His nickname was “Big Red” and boy was he big. He stood 16.2 hands (66 inches, 168 cm) and weighed 1,175 pounds with a 75-inch girth. This ample girth and powerful hindquarters gave Secretariat an explosive style of racing.
|Measurement||October aged 2||October aged 3|
|Height (at withers)||16 3⁄4 hands (64.75 inches, 164 cm)||16.1 1⁄2 hands (65.5 inches, 166 cm)|
|Point of shoulder to point of shoulder (chest width)||16 inches (41 cm)||16.5 inches (42 cm)|
|Girth (around center of gravity)||74 inches (188 cm)||76 inches (193 cm)|
|Withers to point of shoulder||28 inches (71 cm)||28.5 inches (72 cm)|
|Elbow to ground (length of leg)||37.5 inches (95 cm)||38.5 inches (98 cm)|
|Point of shoulder to point of hip||46 inches (117 cm)||49 inches (124 cm)|
|Point of hip to point of hip||25 inches (64 cm)||26 inches (66 cm)|
|Point of hip to hock||40 inches (100 cm)||40 inches (100 cm)|
|Point of hip to buttock||24 inches (61 cm)||24 inches (61 cm)|
|Poll to withers (neck length)||40 inches (100 cm)||40 inches (100 cm)|
|Buttock (croup) to ground (height in rear)||53.5 inches (136 cm)||55.5 inches (141 cm)|
|Point of shoulder to point of buttock (body length)||68 inches (173 cm)||69.5 inches (177 cm)|
|Circumference of cannon under knee||8.25 inches (21.0 cm)||8.5 inches (22 cm)|
“Big Red,” as he was known, was a horse that seemed aware of his greatness and reveled in it. Secretariat’s owner, Penny Chenery, told author Lawrence Scanlon that Secretariat, “next to having my children, was the most remarkable event in my life.”
A Strong Foal
Secretariat was born to a Virginia stable that had been nearly sold when the owner, Chris Chenery, became ill. Chenery’s daughter Penny, took charge of Meadow Stable and started guiding it back to profitability. In 1969, Penny Chenery decided to breed the stable’s mare, Somethingroyal, to stud Bold Ruler, and the pair’s second breeding resulted in Secretariat.
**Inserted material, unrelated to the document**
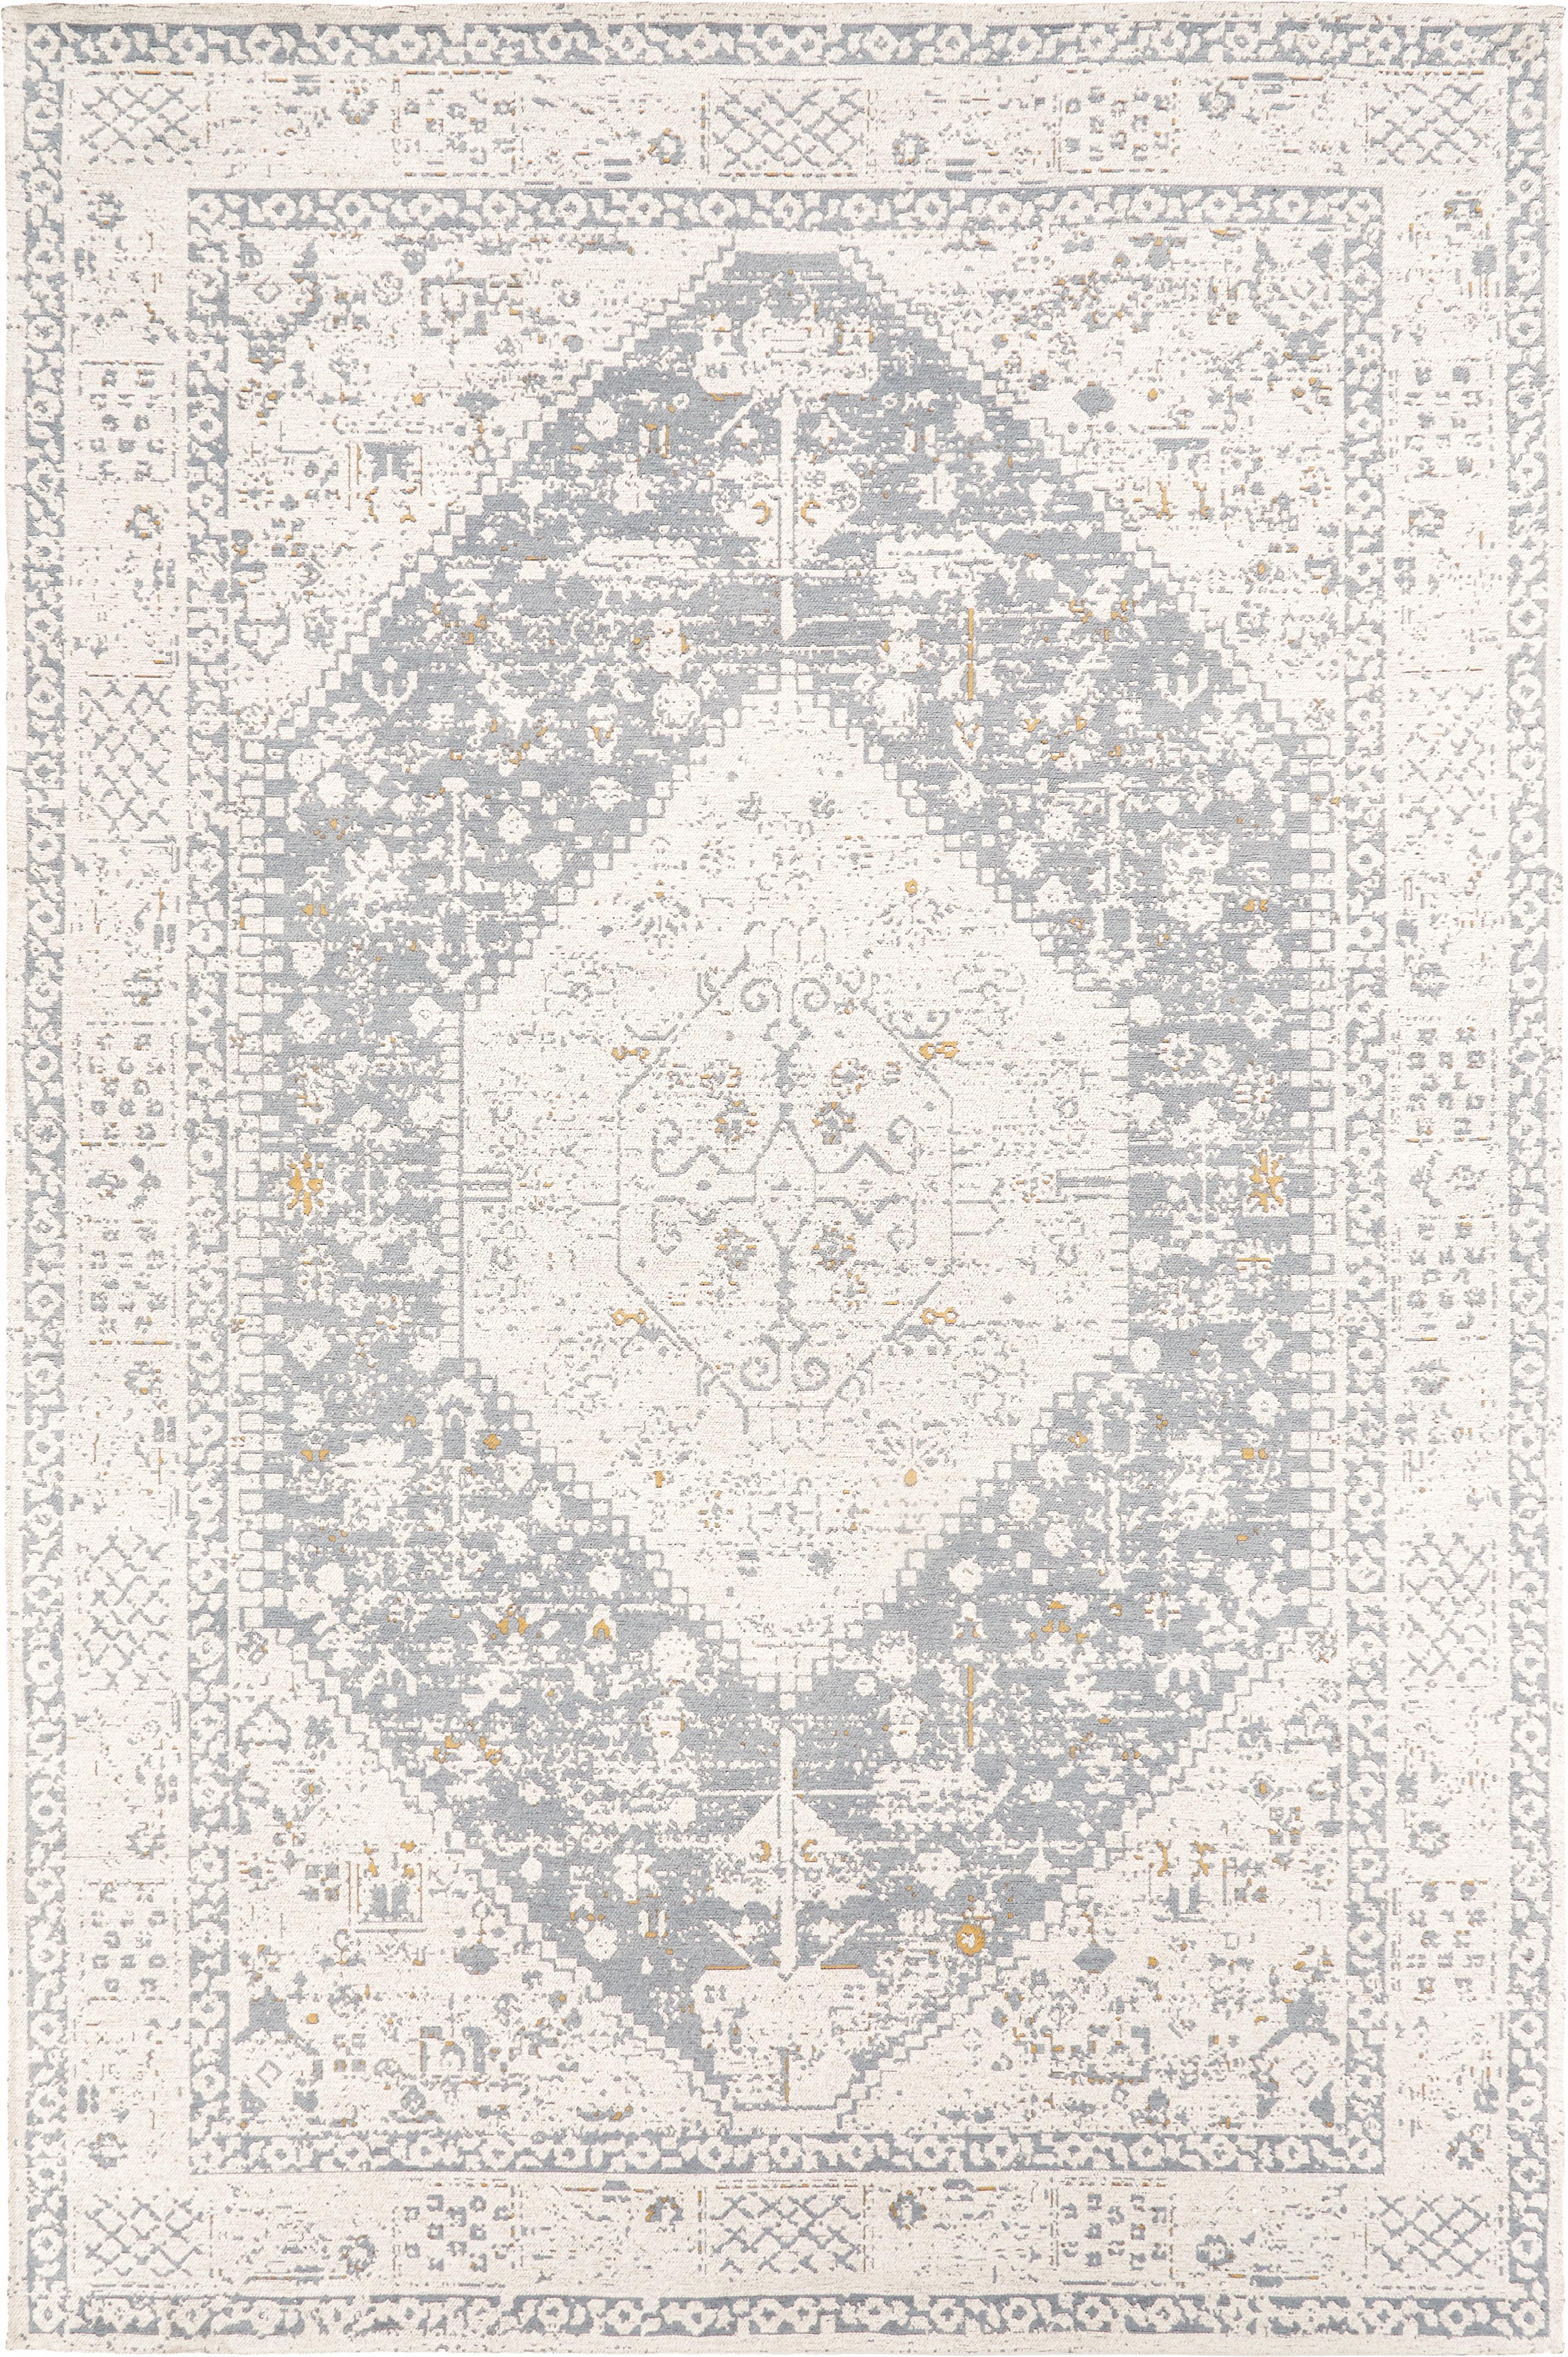 Handgewebter Chenilleteppich Neapel im Vintage Style, Flor: 95% Baumwolle, 5% Polyest, Hellgrau, Creme, Taupe, B 160 x L 230 cm (Grösse M)

Born at 12:10 am, March 30, 1970, the foal first appeared chunky to stud manager Howard Gentry. As Gentry reported, the young horse was a “Big, strong-made foal with plenty of bone.”
When Eddie Sweat, who became Secretariat’s long-time, dedicated groom, first met the horse, he was also reportedly unimpressed. Sweat told Canadian Horseman in 1973, “I didn’t think much of him when we first got him. I thought he was just a big clown. He was real clumsy and a bit on the wild side, you know. And I remember saying to myself I didn’t think he was going to be an outstanding horse.”
Stumbled Out Of The Gate
At his first race on July 4, 1972, at Aqueduct Racetrack in New York City, Big Red got bumped hard at the start, throwing off his race. He finished fourth, but made an impressive surge in the final stretch moving up from 10th place to fourth. He started to display his ability to gain ground quickly.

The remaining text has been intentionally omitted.